> **WHAT YOU WILL DO**
An exact copy of the entries is needed, with every line included.

■ ■ ■ ■ ■

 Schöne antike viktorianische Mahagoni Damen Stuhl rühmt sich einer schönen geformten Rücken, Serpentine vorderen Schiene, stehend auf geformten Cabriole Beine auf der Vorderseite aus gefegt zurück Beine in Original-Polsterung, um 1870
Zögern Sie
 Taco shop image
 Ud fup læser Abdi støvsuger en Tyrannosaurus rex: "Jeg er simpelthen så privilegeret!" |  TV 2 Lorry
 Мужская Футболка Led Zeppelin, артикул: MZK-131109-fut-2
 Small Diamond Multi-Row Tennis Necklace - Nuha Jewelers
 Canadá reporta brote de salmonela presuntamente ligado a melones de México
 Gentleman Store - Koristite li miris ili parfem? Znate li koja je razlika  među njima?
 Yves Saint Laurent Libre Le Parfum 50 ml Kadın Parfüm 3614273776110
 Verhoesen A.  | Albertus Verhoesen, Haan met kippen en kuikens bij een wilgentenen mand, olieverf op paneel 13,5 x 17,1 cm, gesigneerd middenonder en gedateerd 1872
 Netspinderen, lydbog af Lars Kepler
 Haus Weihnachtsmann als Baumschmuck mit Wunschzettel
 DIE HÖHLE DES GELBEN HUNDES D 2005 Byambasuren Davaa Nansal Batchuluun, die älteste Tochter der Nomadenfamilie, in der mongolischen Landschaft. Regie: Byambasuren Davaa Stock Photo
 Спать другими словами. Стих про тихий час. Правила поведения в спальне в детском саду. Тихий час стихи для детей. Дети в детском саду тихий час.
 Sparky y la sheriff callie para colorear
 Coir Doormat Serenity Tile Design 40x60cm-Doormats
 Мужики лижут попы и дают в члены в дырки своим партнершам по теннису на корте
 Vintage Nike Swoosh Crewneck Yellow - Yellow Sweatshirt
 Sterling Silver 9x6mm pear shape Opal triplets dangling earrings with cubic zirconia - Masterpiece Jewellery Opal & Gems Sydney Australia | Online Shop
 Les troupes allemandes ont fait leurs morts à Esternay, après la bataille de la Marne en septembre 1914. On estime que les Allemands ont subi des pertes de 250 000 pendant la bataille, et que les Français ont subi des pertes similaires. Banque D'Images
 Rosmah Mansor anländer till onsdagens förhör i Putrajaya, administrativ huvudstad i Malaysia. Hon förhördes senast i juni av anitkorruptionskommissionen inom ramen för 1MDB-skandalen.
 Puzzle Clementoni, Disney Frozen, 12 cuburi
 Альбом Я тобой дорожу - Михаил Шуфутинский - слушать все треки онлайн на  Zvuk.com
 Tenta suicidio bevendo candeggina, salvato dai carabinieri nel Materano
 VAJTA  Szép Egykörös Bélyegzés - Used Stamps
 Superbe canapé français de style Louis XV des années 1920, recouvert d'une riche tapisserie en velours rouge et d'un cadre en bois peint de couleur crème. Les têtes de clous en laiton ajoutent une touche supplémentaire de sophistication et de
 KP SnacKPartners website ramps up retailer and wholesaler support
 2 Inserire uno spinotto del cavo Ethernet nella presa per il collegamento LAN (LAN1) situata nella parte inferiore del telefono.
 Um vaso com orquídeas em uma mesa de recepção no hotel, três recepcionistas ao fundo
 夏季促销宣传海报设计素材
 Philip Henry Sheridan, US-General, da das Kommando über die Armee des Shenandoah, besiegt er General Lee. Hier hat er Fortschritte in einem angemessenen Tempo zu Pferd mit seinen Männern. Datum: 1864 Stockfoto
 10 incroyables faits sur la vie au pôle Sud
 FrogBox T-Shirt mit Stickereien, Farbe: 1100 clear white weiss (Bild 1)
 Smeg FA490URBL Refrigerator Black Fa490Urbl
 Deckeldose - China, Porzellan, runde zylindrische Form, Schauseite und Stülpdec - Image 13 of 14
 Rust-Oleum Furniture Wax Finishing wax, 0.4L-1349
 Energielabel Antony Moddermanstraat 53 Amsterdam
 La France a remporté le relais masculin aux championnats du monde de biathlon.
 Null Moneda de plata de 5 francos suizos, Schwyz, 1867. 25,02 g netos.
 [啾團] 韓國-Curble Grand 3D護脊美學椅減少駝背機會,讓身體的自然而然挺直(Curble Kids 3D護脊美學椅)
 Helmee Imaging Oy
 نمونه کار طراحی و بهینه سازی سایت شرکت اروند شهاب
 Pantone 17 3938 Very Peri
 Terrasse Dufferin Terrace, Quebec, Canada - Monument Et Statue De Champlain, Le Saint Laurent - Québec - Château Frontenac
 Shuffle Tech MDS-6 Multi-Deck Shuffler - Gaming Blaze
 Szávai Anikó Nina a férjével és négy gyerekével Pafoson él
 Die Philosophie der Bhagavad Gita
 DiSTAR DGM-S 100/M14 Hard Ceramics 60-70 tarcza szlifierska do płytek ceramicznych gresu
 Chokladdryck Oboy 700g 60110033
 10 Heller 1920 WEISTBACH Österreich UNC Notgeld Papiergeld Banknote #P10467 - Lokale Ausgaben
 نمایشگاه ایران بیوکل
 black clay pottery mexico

■ ■ ■ ■ ■

> **ANSWER SPACE**
 Schöne antike viktorianische Mahagoni Damen Stuhl rühmt sich einer schönen geformten Rücken, Serpentine vorderen Schiene, stehend auf geformten Cabriole Beine auf der Vorderseite aus gefegt zurück Beine in Original-Polsterung, um 1870
Zögern Sie
 Taco shop image
 Ud fup læser Abdi støvsuger en Tyrannosaurus rex: "Jeg er simpelthen så privilegeret!" |  TV 2 Lorry
 Мужская Футболка Led Zeppelin, артикул: MZK-131109-fut-2
 Small Diamond Multi-Row Tennis Necklace - Nuha Jewelers
 Canadá reporta brote de salmonela presuntamente ligado a melones de México
 Gentleman Store - Koristite li miris ili parfem? Znate li koja je razlika  među njima?
 Yves Saint Laurent Libre Le Parfum 50 ml Kadın Parfüm 3614273776110
 Verhoesen A.  | Albertus Verhoesen, Haan met kippen en kuikens bij een wilgentenen mand, olieverf op paneel 13,5 x 17,1 cm, gesigneerd middenonder en gedateerd 1872
 Netspinderen, lydbog af Lars Kepler
 Haus Weihnachtsmann als Baumschmuck mit Wunschzettel
 DIE HÖHLE DES GELBEN HUNDES D 2005 Byambasuren Davaa Nansal Batchuluun, die älteste Tochter der Nomadenfamilie, in der mongolischen Landschaft. Regie: Byambasuren Davaa Stock Photo
 Спать другими словами. Стих про тихий час. Правила поведения в спальне в детском саду. Тихий час стихи для детей. Дети в детском саду тихий час.
 Sparky y la sheriff callie para colorear
 Coir Doormat Serenity Tile Design 40x60cm-Doormats
 Мужики лижут попы и дают в члены в дырки своим партнершам по теннису на корте
 Vintage Nike Swoosh Crewneck Yellow - Yellow Sweatshirt
 Sterling Silver 9x6mm pear shape Opal triplets dangling earrings with cubic zirconia - Masterpiece Jewellery Opal & Gems Sydney Australia | Online Shop
 Les troupes allemandes ont fait leurs morts à Esternay, après la bataille de la Marne en septembre 1914. On estime que les Allemands ont subi des pertes de 250 000 pendant la bataille, et que les Français ont subi des pertes similaires. Banque D'Images
 Rosmah Mansor anländer till onsdagens förhör i Putrajaya, administrativ huvudstad i Malaysia. Hon förhördes senast i juni av anitkorruptionskommissionen inom ramen för 1MDB-skandalen.
 Puzzle Clementoni, Disney Frozen, 12 cuburi
 Альбом Я тобой дорожу - Михаил Шуфутинский - слушать все треки онлайн на  Zvuk.com
 Tenta suicidio bevendo candeggina, salvato dai carabinieri nel Materano
 VAJTA  Szép Egykörös Bélyegzés - Used Stamps
 Superbe canapé français de style Louis XV des années 1920, recouvert d'une riche tapisserie en velours rouge et d'un cadre en bois peint de couleur crème. Les têtes de clous en laiton ajoutent une touche supplémentaire de sophistication et de
 KP SnacKPartners website ramps up retailer and wholesaler support
 2 Inserire uno spinotto del cavo Ethernet nella presa per il collegamento LAN (LAN1) situata nella parte inferiore del telefono.
 Um vaso com orquídeas em uma mesa de recepção no hotel, três recepcionistas ao fundo
 夏季促销宣传海报设计素材
 Philip Henry Sheridan, US-General, da das Kommando über die Armee des Shenandoah, besiegt er General Lee. Hier hat er Fortschritte in einem angemessenen Tempo zu Pferd mit seinen Männern. Datum: 1864 Stockfoto
 10 incroyables faits sur la vie au pôle Sud
 FrogBox T-Shirt mit Stickereien, Farbe: 1100 clear white weiss (Bild 1)
 Smeg FA490URBL Refrigerator Black Fa490Urbl
 Deckeldose - China, Porzellan, runde zylindrische Form, Schauseite und Stülpdec - Image 13 of 14
 Rust-Oleum Furniture Wax Finishing wax, 0.4L-1349
 Energielabel Antony Moddermanstraat 53 Amsterdam
 La France a remporté le relais masculin aux championnats du monde de biathlon.
 Null Moneda de plata de 5 francos suizos, Schwyz, 1867. 25,02 g netos.
 [啾團] 韓國-Curble Grand 3D護脊美學椅減少駝背機會,讓身體的自然而然挺直(Curble Kids 3D護脊美學椅)
 Helmee Imaging Oy
 نمونه کار طراحی و بهینه سازی سایت شرکت اروند شهاب
 Pantone 17 3938 Very Peri
 Terrasse Dufferin Terrace, Quebec, Canada - Monument Et Statue De Champlain, Le Saint Laurent - Québec - Château Frontenac
 Shuffle Tech MDS-6 Multi-Deck Shuffler - Gaming Blaze
 Szávai Anikó Nina a férjével és négy gyerekével Pafoson él
 Die Philosophie der Bhagavad Gita
 DiSTAR DGM-S 100/M14 Hard Ceramics 60-70 tarcza szlifierska do płytek ceramicznych gresu
 Chokladdryck Oboy 700g 60110033
 10 Heller 1920 WEISTBACH Österreich UNC Notgeld Papiergeld Banknote #P10467 - Lokale Ausgaben
 نمایشگاه ایران بیوکل
 black clay pottery mexico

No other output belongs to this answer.